装置名:DSC1(Mettler Toledo社製)
手順:50ml/minの窒素気流下で、昇温速度10℃/minで120℃まで昇温して、10分間120℃に保った後、-60℃まで冷却し、昇温速度10℃/minで120℃まで昇温して得られたDSC曲線から、高温側のペースラインを低温側に延長した直線と、ピークの高温側の曲線にこう配が最大になるような点で引いた接線との交点の温度をガラス転移温度とした。
【0123】
(クロロプレン系ブロック共重合体Aのスチレン重合体ブロックA1とクロロプレン系重合体ブロックA2の含有率測定)
熱分解ガスクロマトグラフと1H-NMRを用い、以下の方法で測定した。
熱分解ガスクロマトグラフ
装置名:HP5890-II
カラム:DB-5 0.25mmφ×30m(膜厚1.0μm)
カラム温度:50℃(5min)→10℃/min→150℃→25℃/min→300℃
注入口温度:250℃
検出器温度:280℃
検出器:FID
1H-NMR
装置名:JNM-ECX-400(日本電子株式会社製)
手順:スチレン重合体ブロックA1と多官能性単量体単位を含まないクロロプレン系重合体ブロックA2からなるクロロプレン系ブロック共重合体を熱分解ガスクロマトグラフで測定し、スチレン重合体ブロックA1由来のピークとクロロプレン系重合体ブロックA2由来のピークの面積比と、1H-NMRを測定して得られたクロロプレン系ブロック共重合体A中の重合体ブロックA1とクロロプレン系重合体ブロックA2の含有量から検量線を作成した。サンプリングしたラテックスをメタノールに混合して析出したクロロプレン系ブロック共重合体のサンプルを熱分解ガスクロマトグラフで測定し、重合体ブロックA1由来のピークとクロロプレン系重合体ブロックA2由来のピークの面積比から、上記で作成した検量線を用いてクロロプレン系ブロック共重合体A中の重合体ブロックA1とクロロプレン系重合体ブロックA2の含有量を求めた。
【0124】
(クロロプレン系重合体Bの2,3-ジクロロ-1,3-ブタジエン単量体単位の含有率)
クロロプレン系重合体B中の2,3-ジクロロ-1,3-ブタジエン単量体単位の含有率を仕込み量から算出した。
なお、クロロプレン系重合体B中の2,3-ジクロロ-1,3-ブタジエン単量体単位の含有率は、クロロプレン系重合体Bを含むラテックスを凍結乾燥させて得たクロロプレン系重合体Bの熱分解ガスクロマトグラフを測定することで求めることができる。
<熱分解ガスクロマトグラフの測定>
熱分解ガスクロマトグラフは以下の測定条件で実施できる。
・使用カラム:DB-5 0.25mmφ×30m(膜厚1.0μm)
・カラム温度:50℃→10℃/min→120℃→25℃/min→300℃
・注入口温度:270℃
・検出器温度:280℃
・試料量:0.05mg
【0125】
(クロロプレン系ブロック共重合体A、クロロプレン系重合体Bのトルエン可溶分の分子量)

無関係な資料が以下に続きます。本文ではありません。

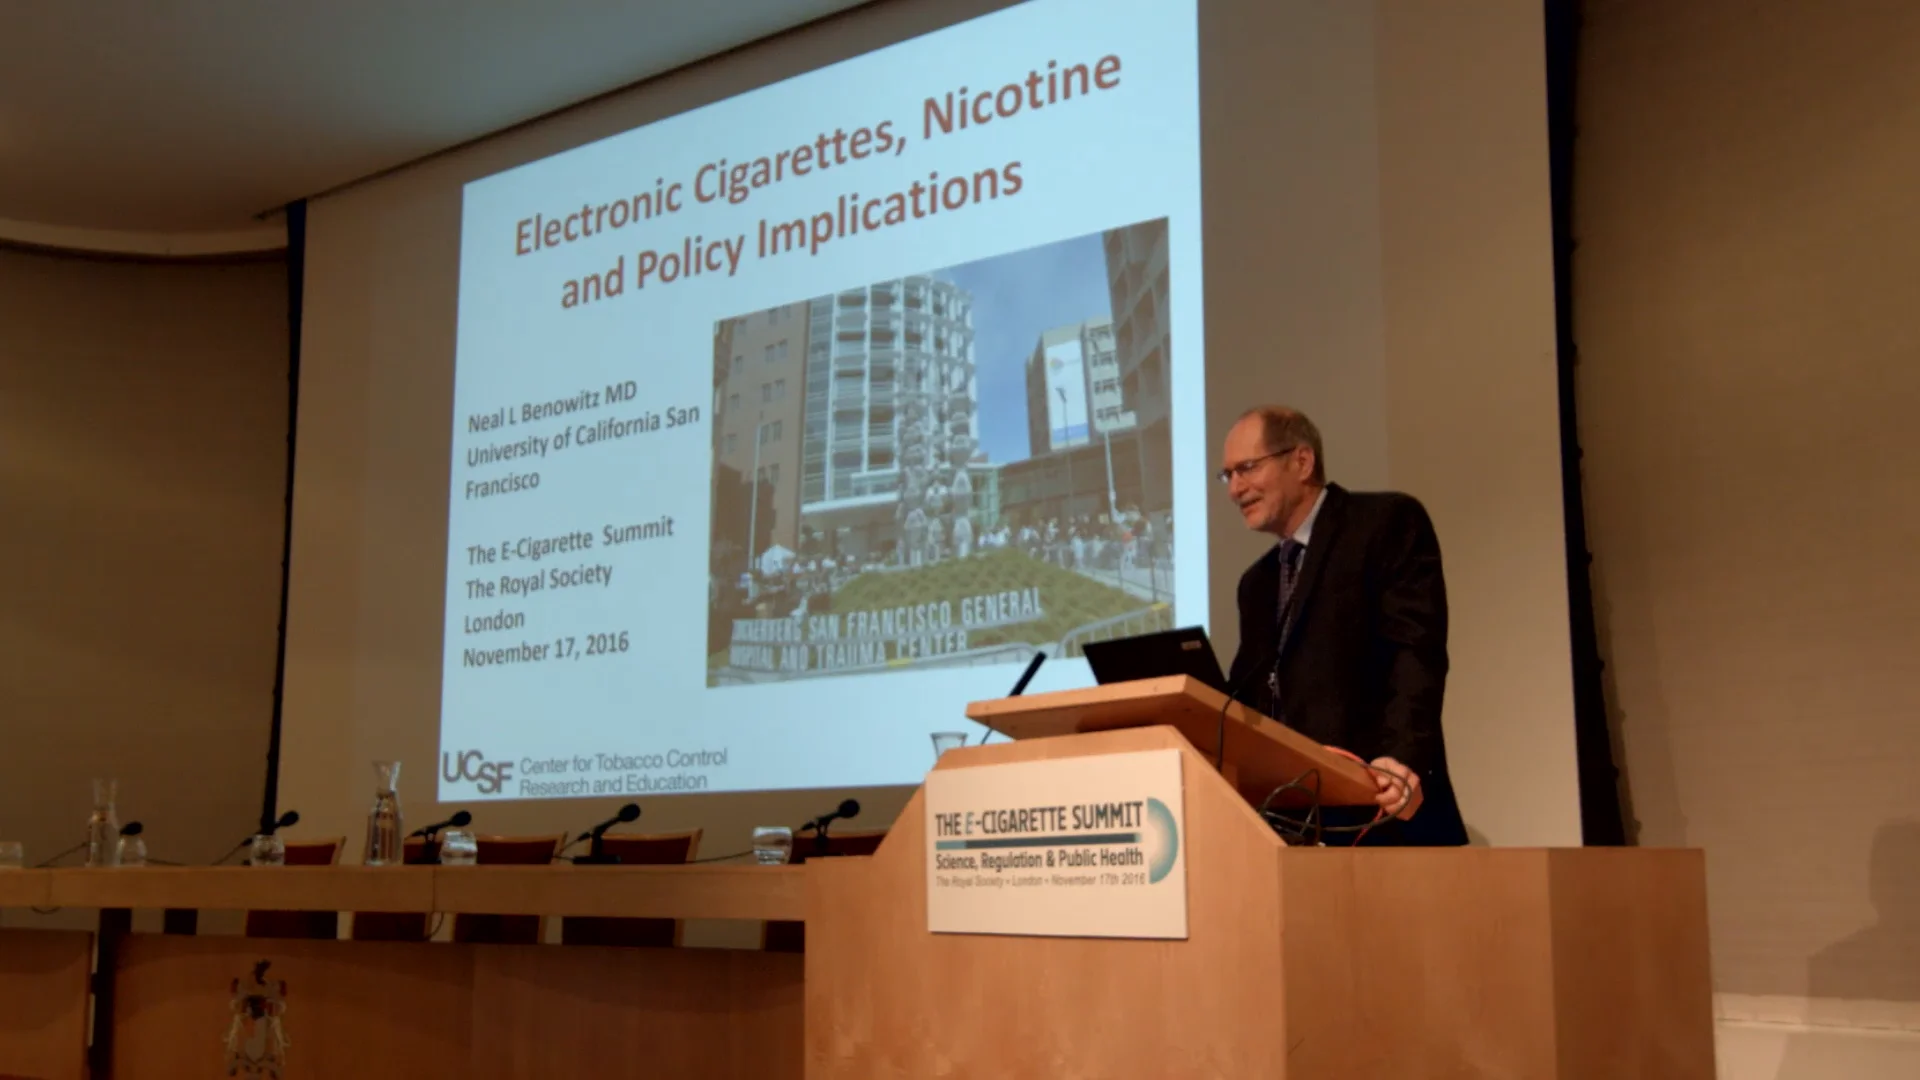 Neal Benowitz, MD  Center for Tobacco Control Research and Education

クロロプレン系ブロック共重合体Aを含むラテックス、及び、クロロプレン系重合体Bを含むラテックスを凍結乾燥させることにより得られた乾燥物20mgをトルエン20mlに12時間以上溶解させてゾルを分離させた。その後、分離したゾルをTHF溶液20mlに溶解することで試料を得て、下記の条件でゲル浸透クロマトグラフィー(GPC)測定を行った。重量平均分子量(Mw)の算出は、ポリスチレン換算で求めた。

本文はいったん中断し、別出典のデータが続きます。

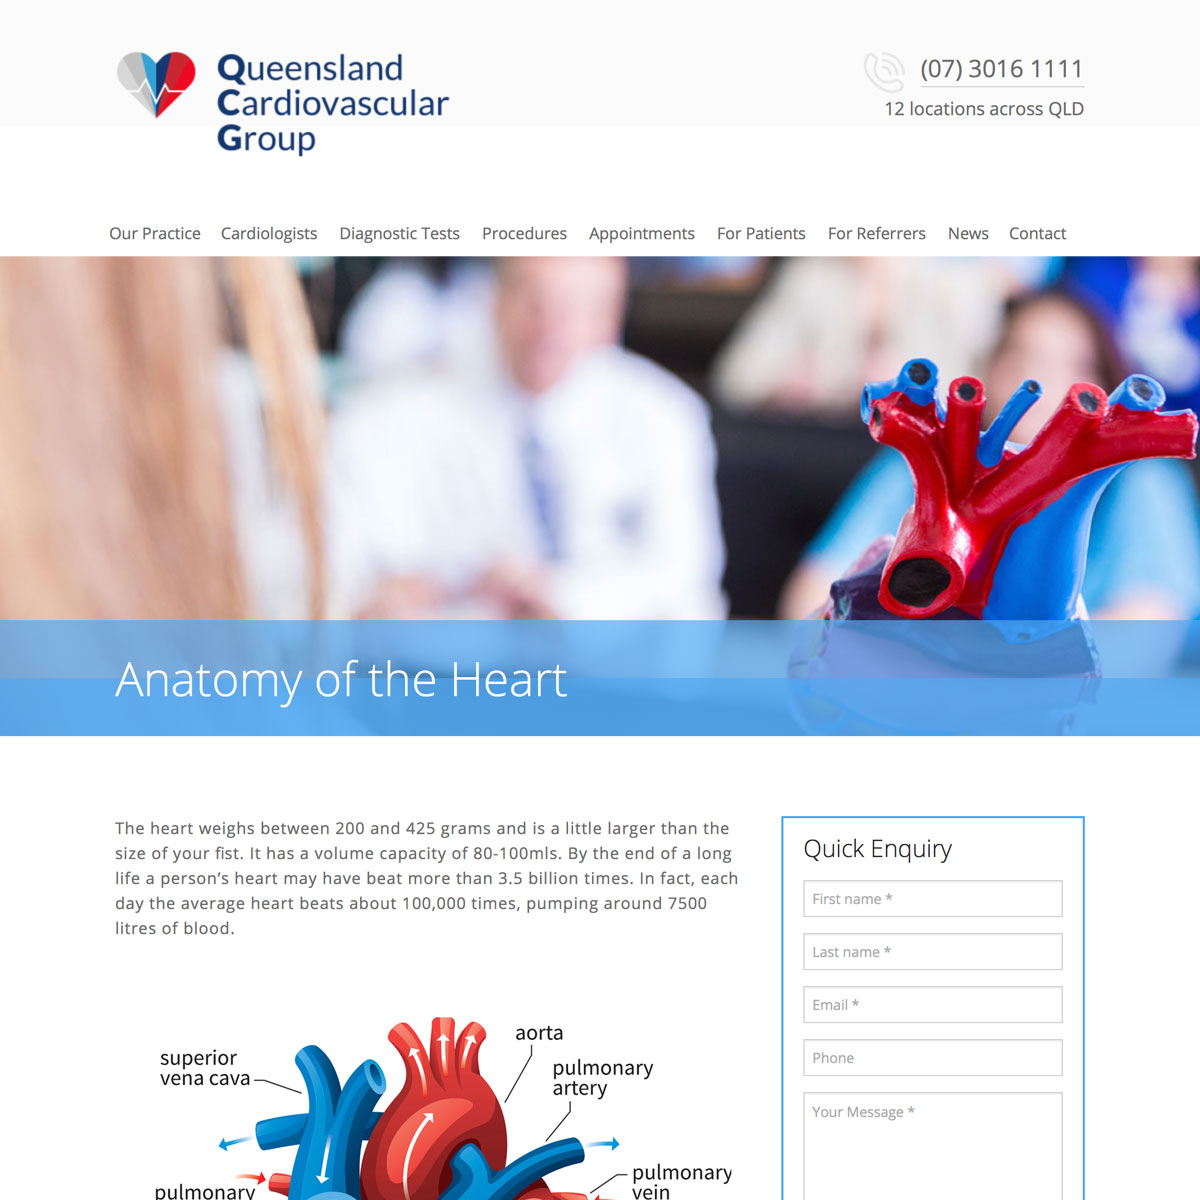 Queensland Cardiovascular Group - For Patients

測定装置:東ソー株式会社製、ゲル浸透クロマトグラフ(HLC-8320)
カラム:東ソー株式会社製、TSKgel GMHHR-Hを3本直列
検出:示差屈折率
溶媒:テトラヒドロフラン
検量線:標準ポリスチレン(PS)を用いて作成
【0126】
(トルエン不溶分)
クロロプレン系ブロック共重合体Aを含むラテックス、及び、クロロプレン系重合体Bを含むラテックスを凍結乾燥し、精秤した。得られた凍結乾燥後の質量をXgとした。凍結乾燥後のラテックスを、コニカルビーカーに入れて、23℃で16時間、トルエンで溶解した(ラテックスとトルエンの合計100質量%に対し、ラテックスが0.6質量%となるように調整)。得られたクロロプレン系重合体ラテックスとトルエンの混合物から、遠心分離機を使用し、さらに200メッシュの金網を使用して、ゲル分を分離した。得られたゲル分を風乾後、110℃雰囲気下で、1時間乾燥し、精秤した。乾燥後のゲル分の質量をYgとした。以下の式に従って、トルエン不溶分を算出した。結果を表1に示す。
トルエン不溶分=Y/X×100(%)
【0127】
<浸漬成形体(フィルム)の作製>
(混合クロロプレン系重合体ラテックス組成物の調製)
陶器製ボールミルを用いて、老化防止剤(OMNOVA SOLUTIONS社製、商品名:Wingstay-L)2質量部、β-ナフタレンスルホン酸ホルマリン縮合物のナトリウム塩(花王株式会社製、商品名:デモールN)0.1質量部、及び、水3.2質量部を20℃で16時間混合することにより固形分濃度40質量%の水分散液を調製した。上述の各実施例で得られた混合クロロプレン系重合体ラテックス中のクロロプレン系ブロック共重合体A及びクロロプレン系重合体Bの合計100質量部(固形分換算)にこの水分散液の固形分2.1質量部を混合した後、水を加えて全体の固形分濃度を30質量%に調整することにより成形用クロロプレン系重合体ラテックス組成物を作製した。
【0128】
(フィルムの作製)
外径50mmの陶器製の筒を、水62質量部、硝酸カリウム四水和物35質量部、及び炭酸カルシウム3質量部を混合した凝固液に1秒間浸して取り出した。4分間乾燥させた後、上記で調製したラテックスに2分間浸した。その後45℃の流水で1分間洗浄し、130℃で30分間熱処理して水分を除去し、引張試験用のフィルム(140×150mm、厚み:0.2mm)を作製した。
【0129】
(物性の評価)
作製したフィルムを、130℃で30分間熱処理した後にJIS K 6251に基づき100%伸長時モジュラス、破断時引張強さ及び破断時伸びを測定した。結果を表3及び4に示す。なお、比較例4では、円筒から剥離可能な強度をもったフィルムの作製ができなかった。